* REQUIREMENT
Look below for the line containing "Kite Surfing, Falmouth, MA", then write out that line and every line after it to the end, exactly, minus the pictures.

* DATASET EXTRACT
----

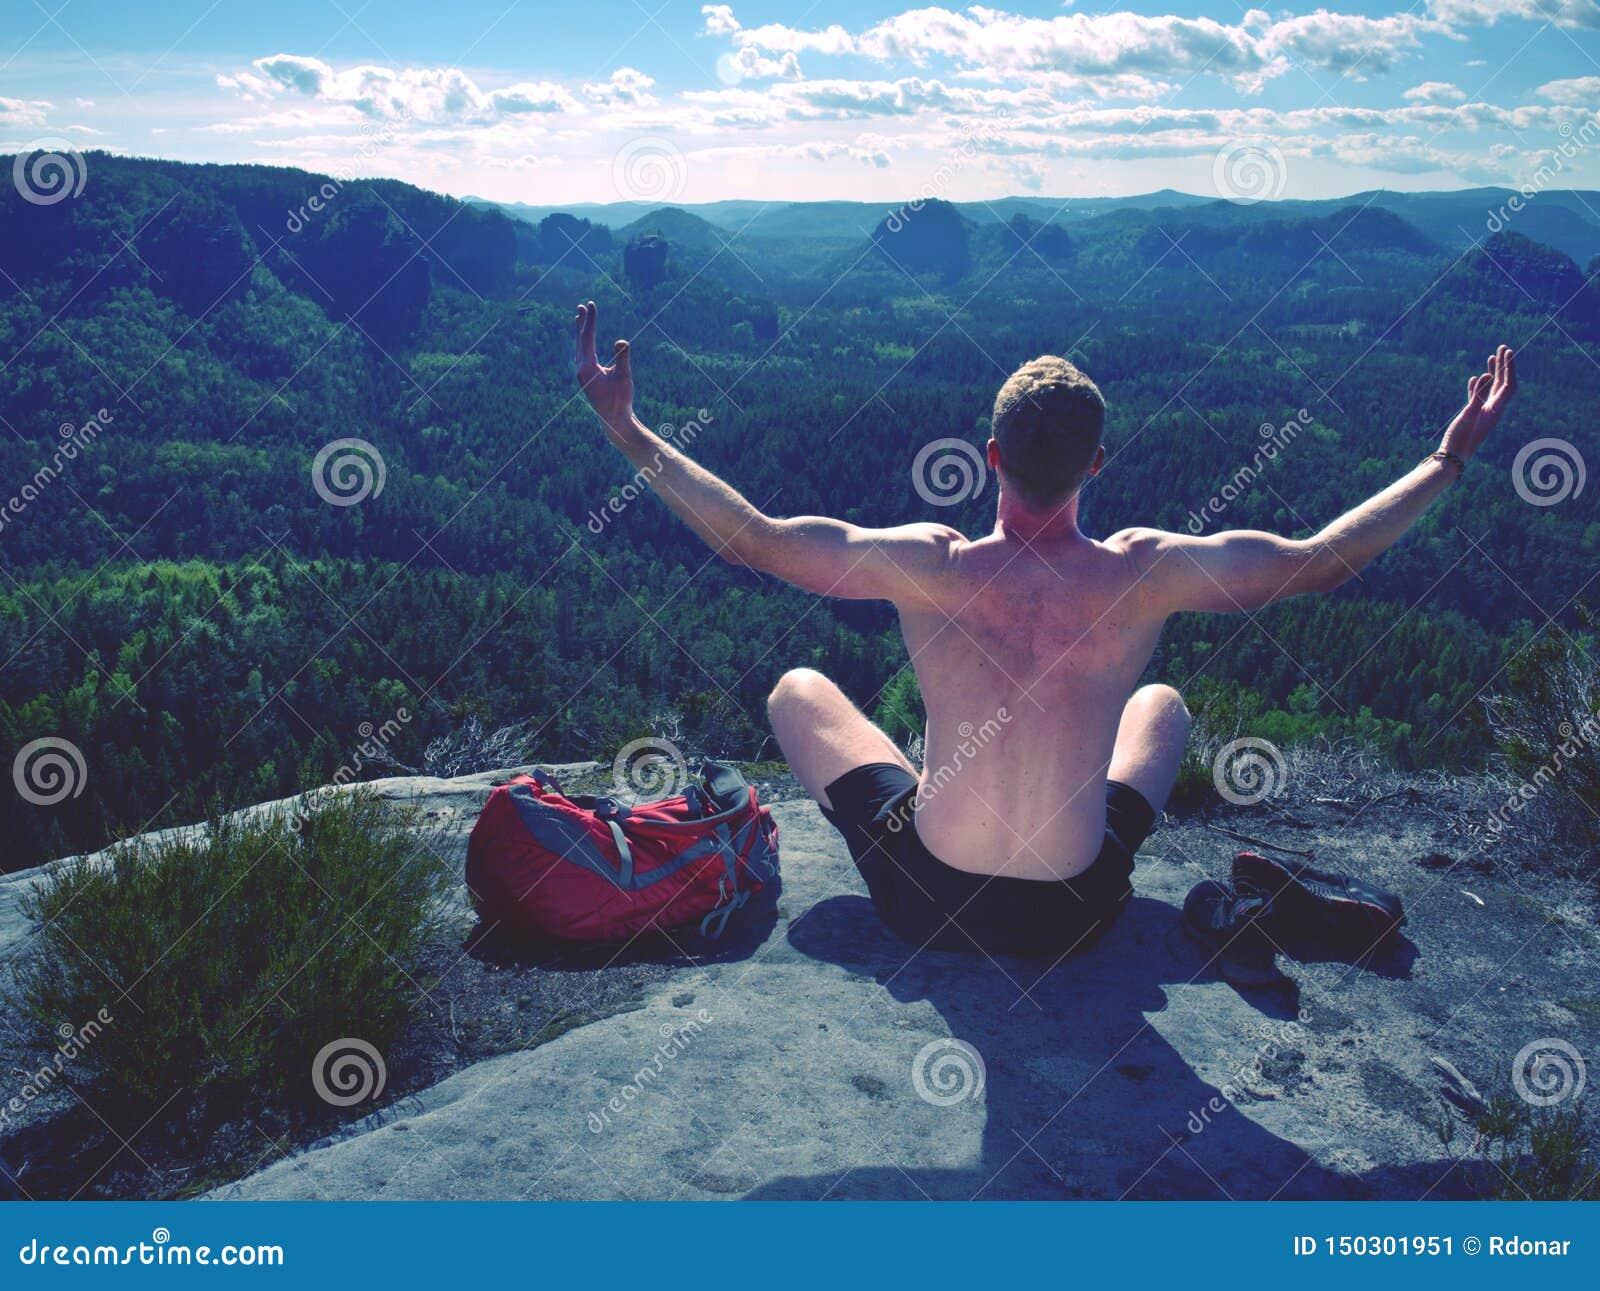 Shirtless mensen ontspannende meditatie met rustige meningsbergen
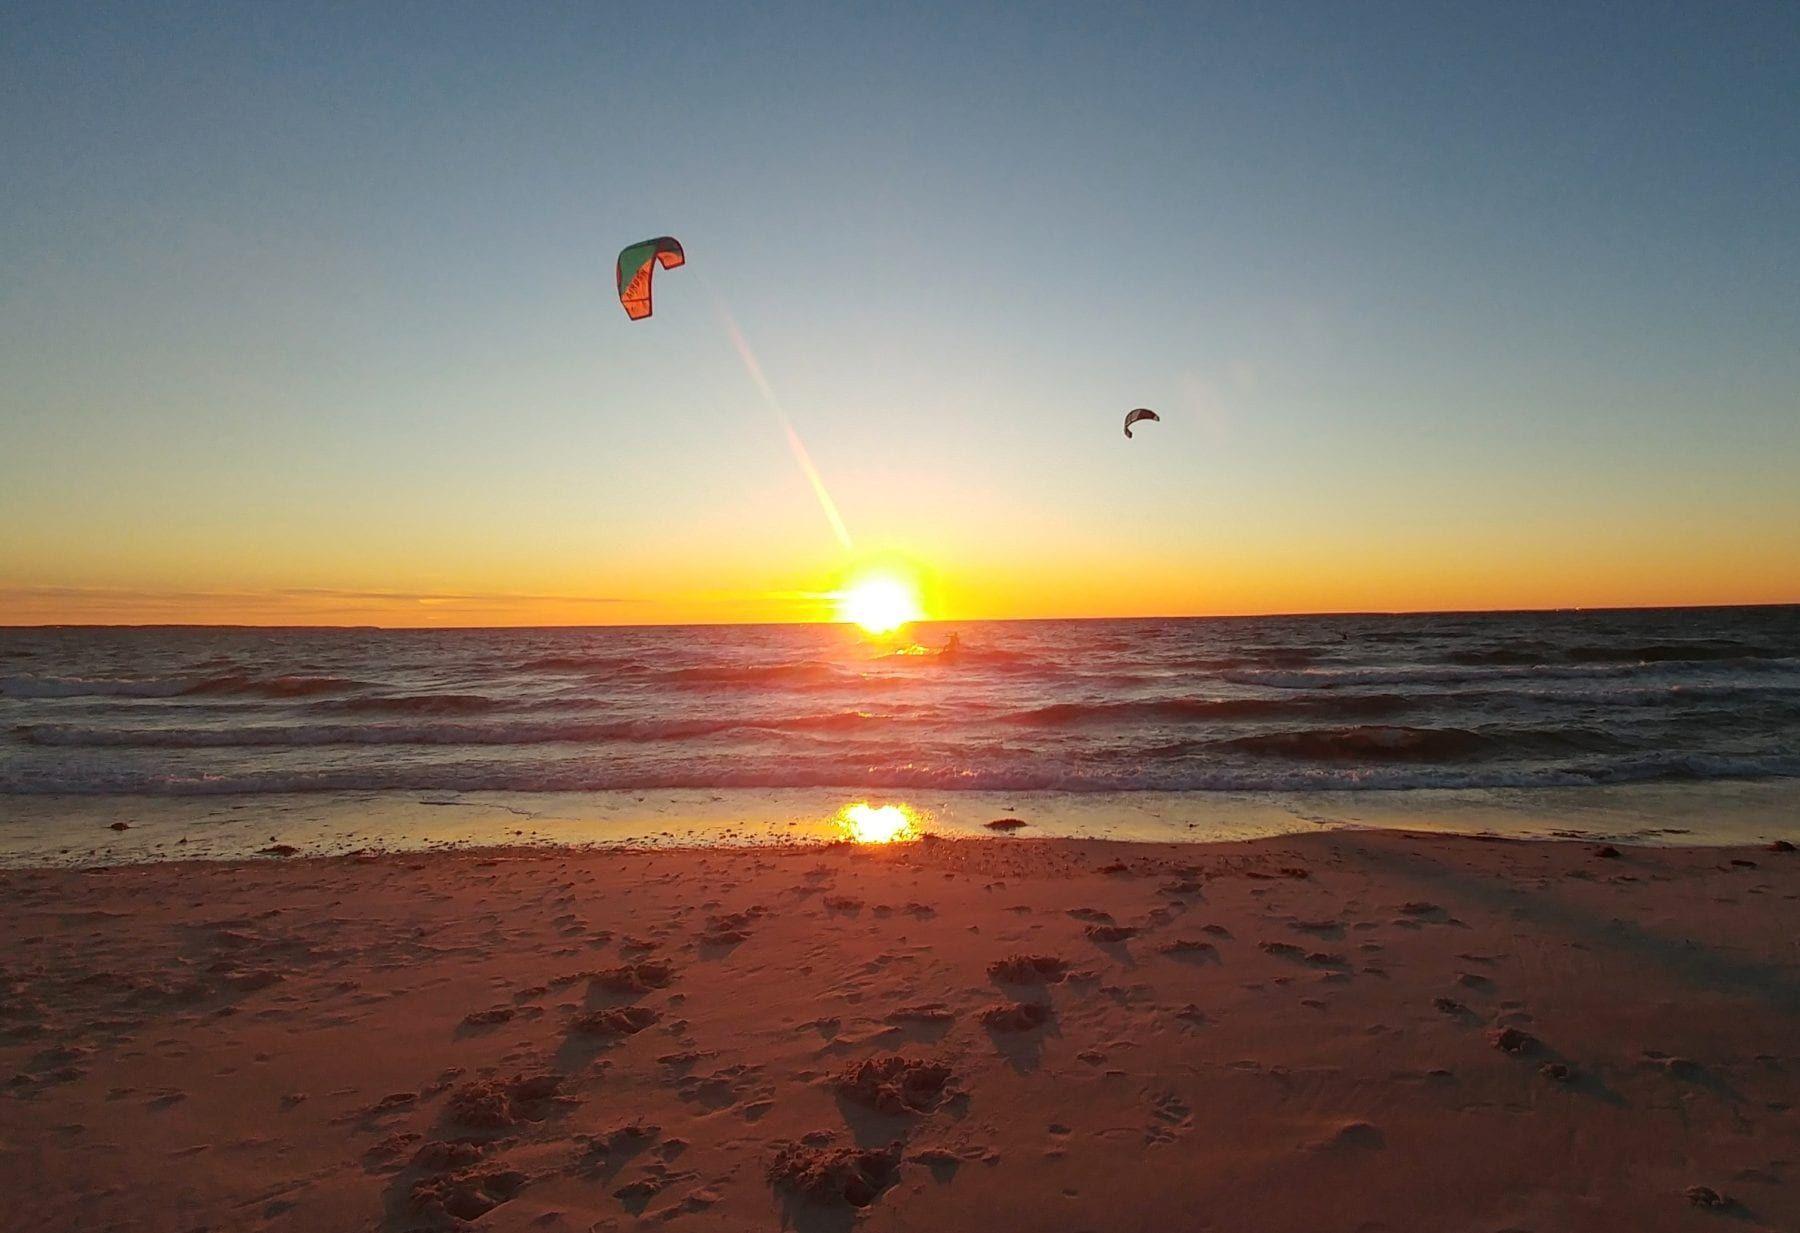 Kite Surfing, Falmouth, MA
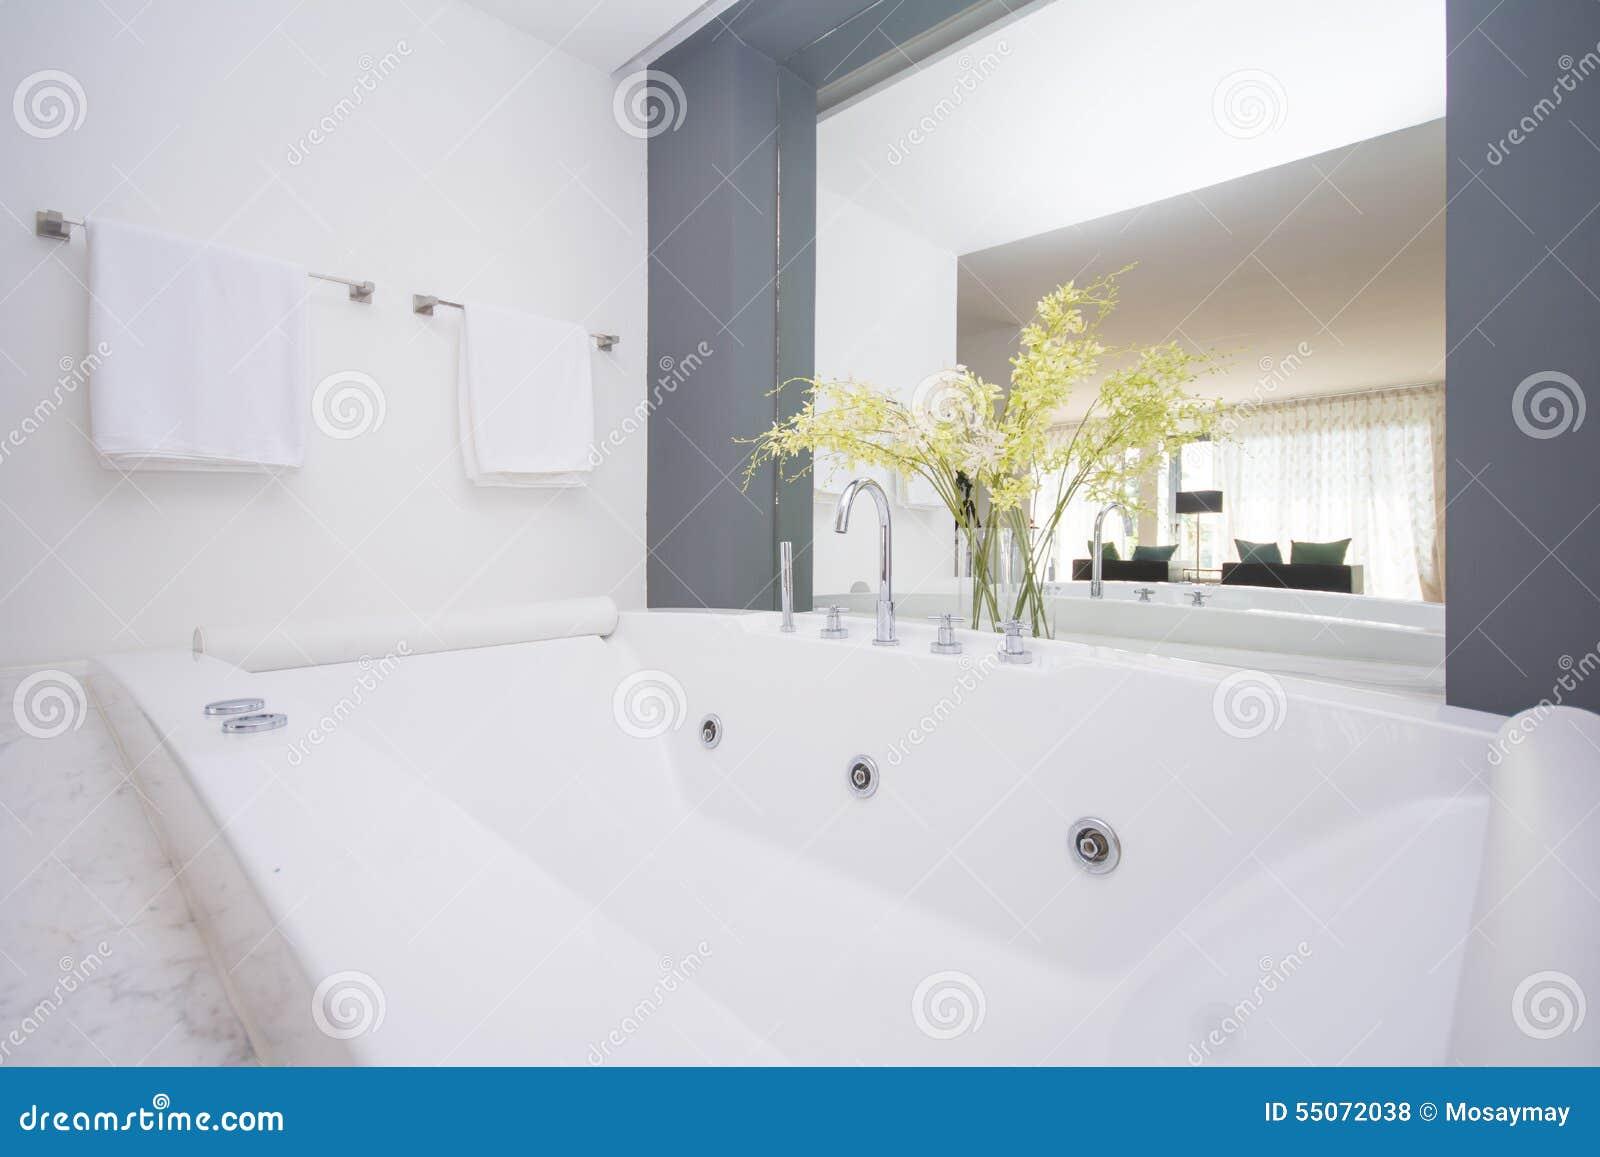 Stort lyxigt badkar i badrum arkivfoto   bild: 55072038
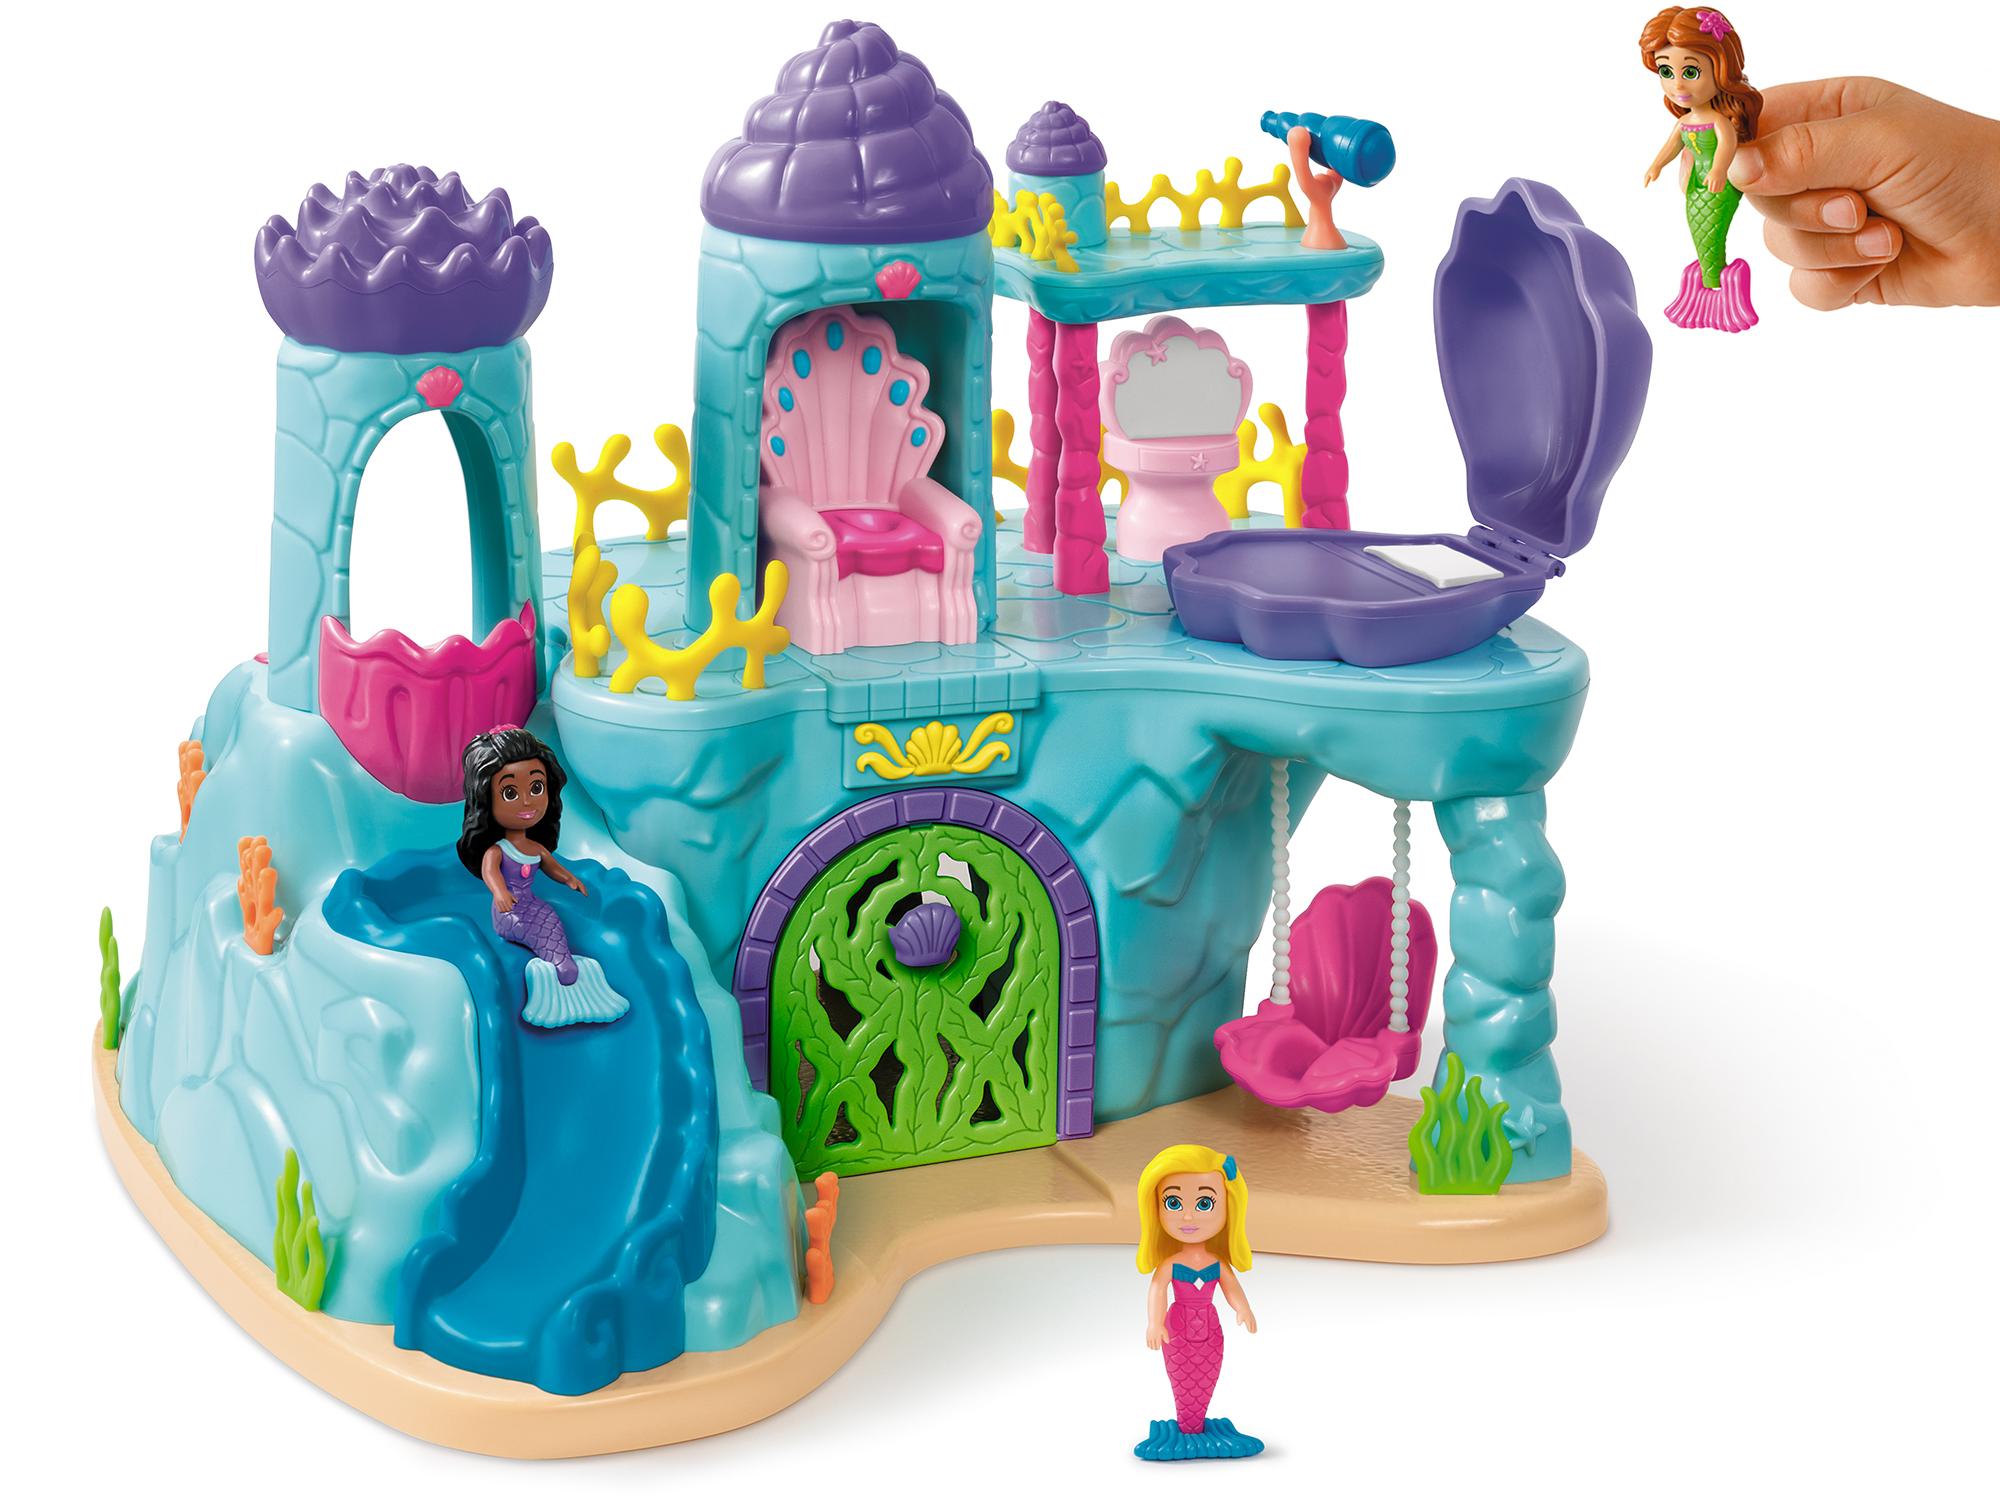 Under-The-Sea Mermaid Palace

----

* REPLY TO THE TASK
 Kite Surfing, Falmouth, MA
 Stort lyxigt badkar i badrum arkivfoto   bild: 55072038
 Under-The-Sea Mermaid Palace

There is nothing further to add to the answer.